- **Data extract**
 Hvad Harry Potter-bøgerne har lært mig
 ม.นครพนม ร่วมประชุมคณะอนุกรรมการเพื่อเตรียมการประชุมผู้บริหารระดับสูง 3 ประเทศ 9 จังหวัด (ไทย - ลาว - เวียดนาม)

==

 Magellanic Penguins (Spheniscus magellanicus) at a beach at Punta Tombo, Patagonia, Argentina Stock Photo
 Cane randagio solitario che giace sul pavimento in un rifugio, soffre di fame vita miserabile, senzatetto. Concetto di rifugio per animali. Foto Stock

- **Try it**
Retype only the stretch of lines above starting at the one with "Hvad Harry Potter-bøgerne har lært mig" and stopping at the one with "ลาว - เวียดนาม)", exactly as written, with both kept.

- **Result of this exercise**
 Hvad Harry Potter-bøgerne har lært mig
 ม.นครพนม ร่วมประชุมคณะอนุกรรมการเพื่อเตรียมการประชุมผู้บริหารระดับสูง 3 ประเทศ 9 จังหวัด (ไทย - ลาว - เวียดนาม)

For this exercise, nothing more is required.